This course provides a thorough grounding in English Language and Linguistics, enabling you to explore how language in general – and the English language in particular – works, how it is used, how it is developing and how it is acquired. You will learn about the complex relationships between language and society, gender, and region. This course will also develop your skills of language analysis so that you can read, write and analyse texts more critically.

You will study in a friendly and welcoming environment, taught by academic staff who are conducting cutting-edge research into all areas underpinning your programme. This means you’ll be acquiring the most up-to-date subject information while developing your quantitative and qualitative research skills. In addition, the course nurtures capabilities such as teamwork, project management and leadership, effective communication and language skills, all of which are vital to employers. With an optional year abroad, you will also have an opportunity to gain first-hand experience of living overseas and working in multicultural contexts.

In the first year you will study six core modules, half of which are in the area of Linguistics, for example Linguistics: Understanding Language. The remaining modules focus on English Language, suchas Language in Society and the History and Spread of English. Year two also provides you with a balance of modules across the two areas: Linguistics and English Language. You'll study Linguistics: Acquisition and Use, which is concerned with how people learn and use languages, and you'll also learn about child language acquisition and how to analyse both spoken and written discourse. Your final year provides the opportunity to work on the dissertation with core modules in the area of Linguistics and further optional modules in the English Language part of the degree.

How will I learn?

You will typically study four to six modules per year and you will have at least 3 hours’ contact time per week for each module. This will take the form of lectures, seminars of about 15 students in which you will discuss the lecture topic with the module tutor, and both written and spoken language classes. You will spend independent study time preparing for classes, reading primary texts, writing essays and working on a foreign language of your choice. Additional online materials are available and there will be various events and activities to further enhance your learning. Your own personal tutor will provide additional learning and pastoral support throughout your degree.

How will I be assessed?

Assessment will take the form of both coursework and examination. Coursework will include essays, reports, data analysis, oral presentations, mini-projects and a final-year dissertation based on your own research.

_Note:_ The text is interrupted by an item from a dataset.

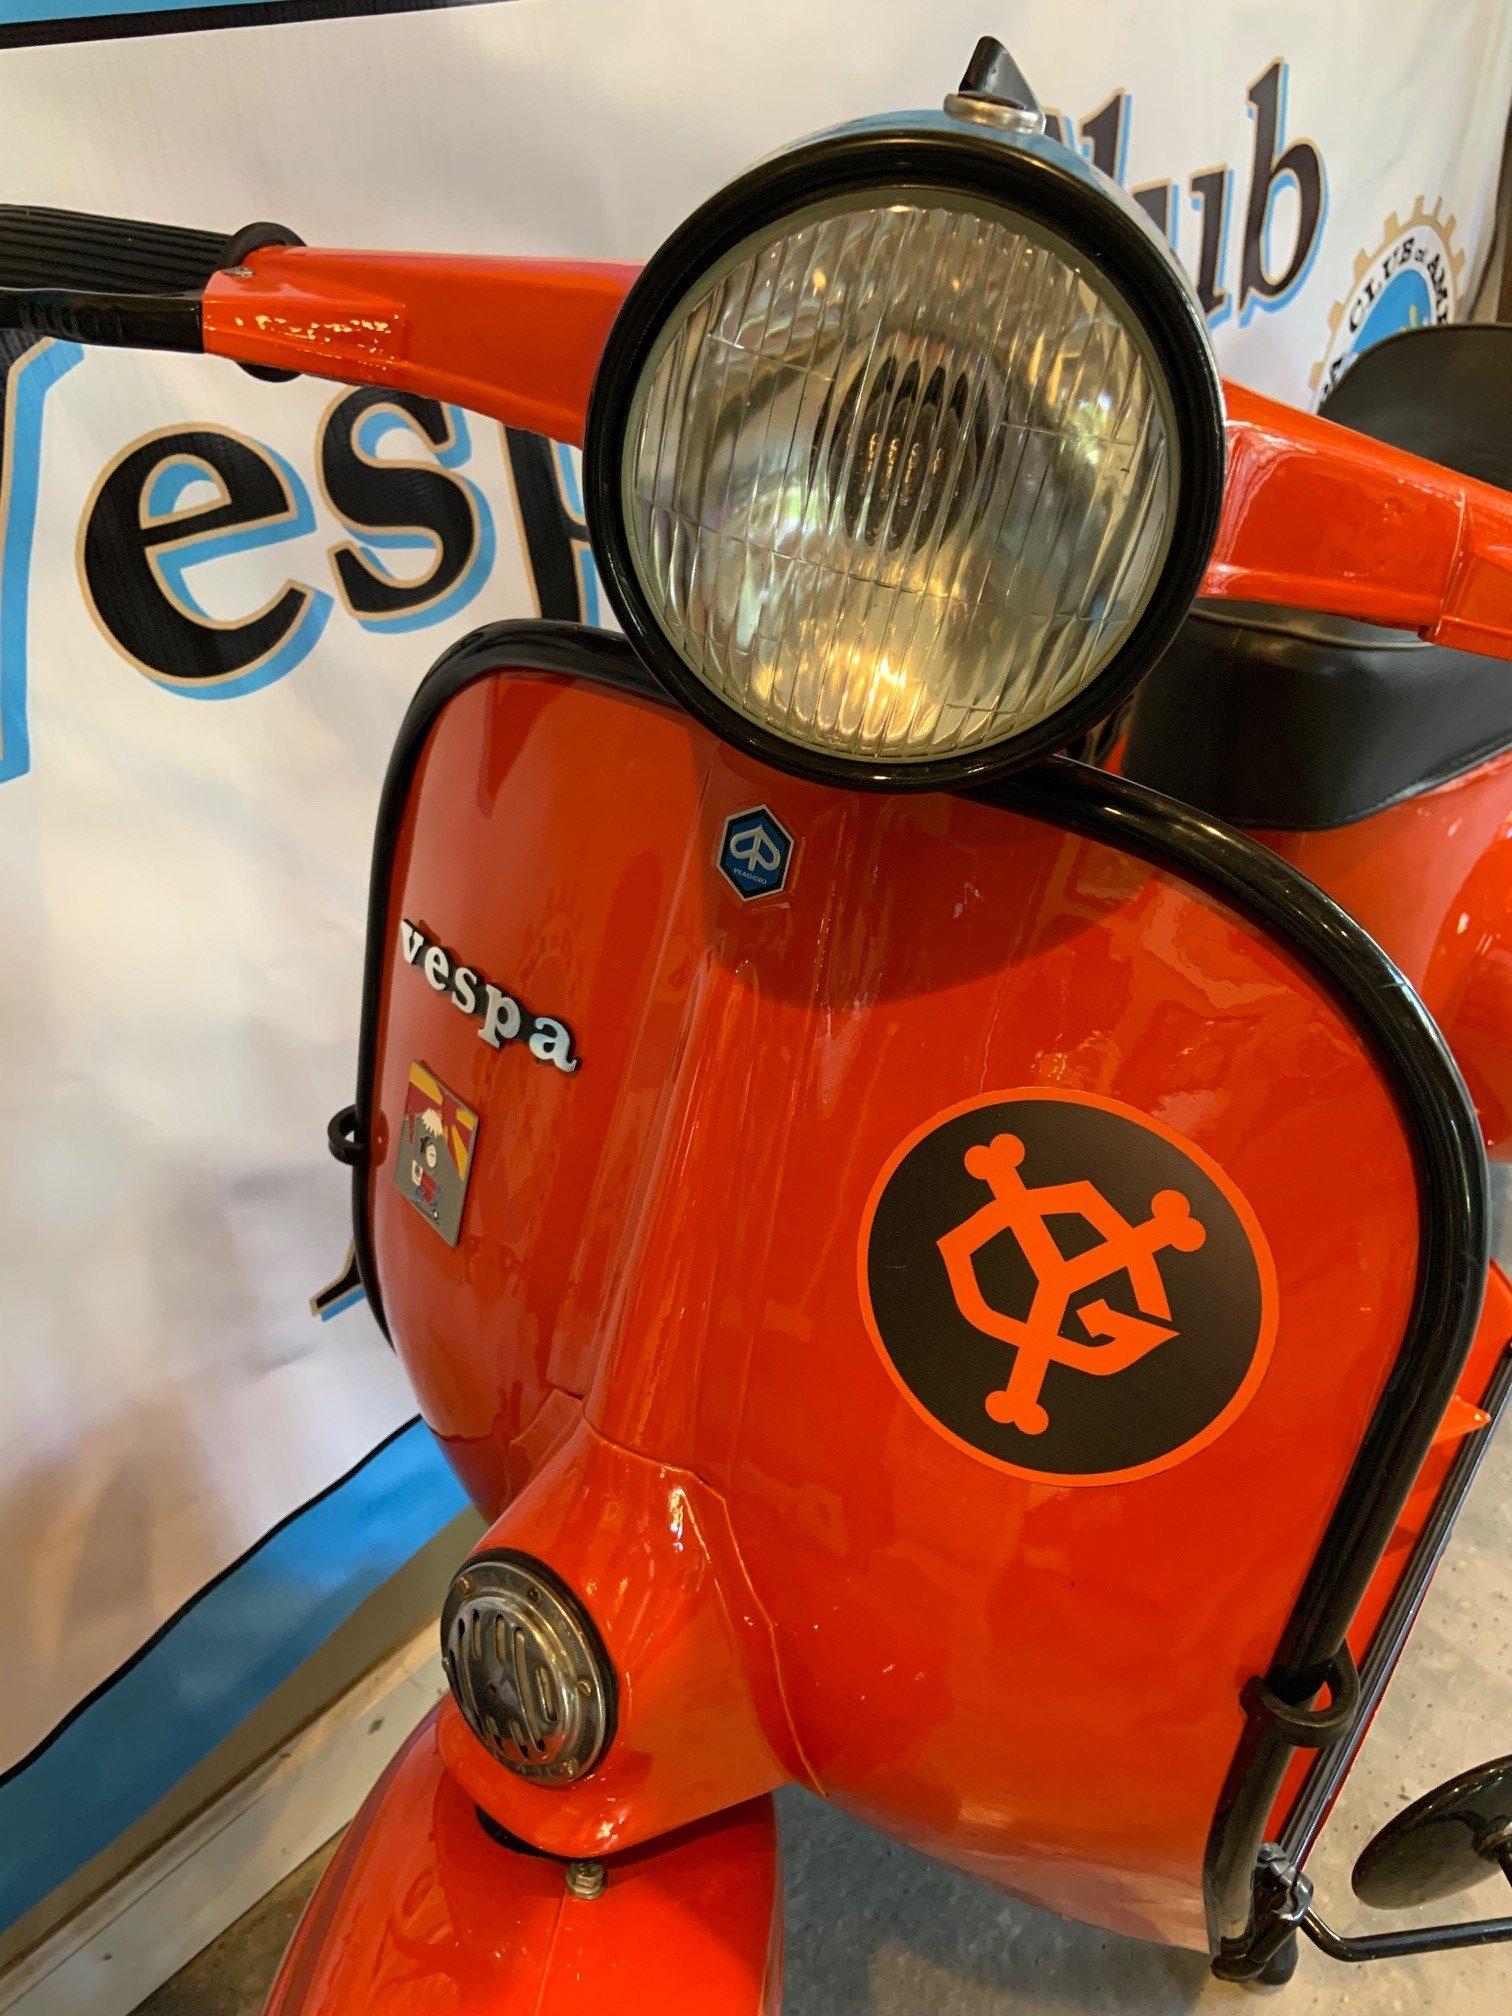 Josh Rogers - 1974 Piaggio Vespa 125 Primavera - front

What opportunities are there to study abroad?

If you wish to spend a year abroad (which we thoroughly recommend), this will take place in your third year, meaning that you will complete your degree in four years instead of three. All students have the opportunity to apply for an intercalated year abroad at one of our partner universities.

The Study Abroad Team based in the Office for Global Engagement offers support for these activities, and the Department’s dedicated Study Abroad Co-ordinator can provide more specific information and assistance. If you prefer to organise a work placement for yourself, we will support you in this as much as we can.

Entry Requirements

A level: AAB

International Baccalaureate: 36 points

Preferably including Social Sciences and Arts/Humanities subjects. Optional modules offered by other departments may have specific requirements.

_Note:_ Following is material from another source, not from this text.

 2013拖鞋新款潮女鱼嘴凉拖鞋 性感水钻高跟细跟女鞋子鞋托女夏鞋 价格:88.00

These normally exclude General Studies and Critical Thinking.

Contextual data and differential offers Warwick may make differential offers to students in a number of circumstances. These include students participating in the Realising Opportunities programme, or who meet two of the contextual data criteria. Differential offers will be one or two grades below Warwick’s standard offer (to a minimum of BBB).

Access/BTEC Courses Access to HE Diploma (QAA-recognised) including appropriate subjects with Distinction grades in Level 3 units. Candidates must meet essential subject requirements.

Warwick International Foundation Programme (IFP): All students who successfully complete the Warwick IFP and apply to Warwick through UCAS will receive a guaranteed conditional offer for a related undergraduate programme (selected courses only). For full details of standard offers and
conditions visit Warwick IFP for more information.

We welcome applicants with non-standard qualifications or relevant experience, and applicants with other recognised qualifications.

Further information

Taking a gap year Applications for deferred entry are welcomed.

Interviews We do not typically interview applicants. Offers are made based on your predicted
and actual grades, along with your personal statement. Occasionally, some applicants may be interviewed, for example candidates returning to study or those with non-standard qualifications.

Open Days All applicants who have been made an offer will be invoted to the Centre's Open Day in February or March. Find out more about our main University Open Days and other opportunities to visit us.

What modules could I study ?

In your first year, core modules may include Linguistics: Understanding Language, English Language, such as Language in Society and the History and Spread of English.

Your final year provides the opportunity to work on the dissertation with core modules in the area of
Linguistics and further optional modules in the English Language part of the degree.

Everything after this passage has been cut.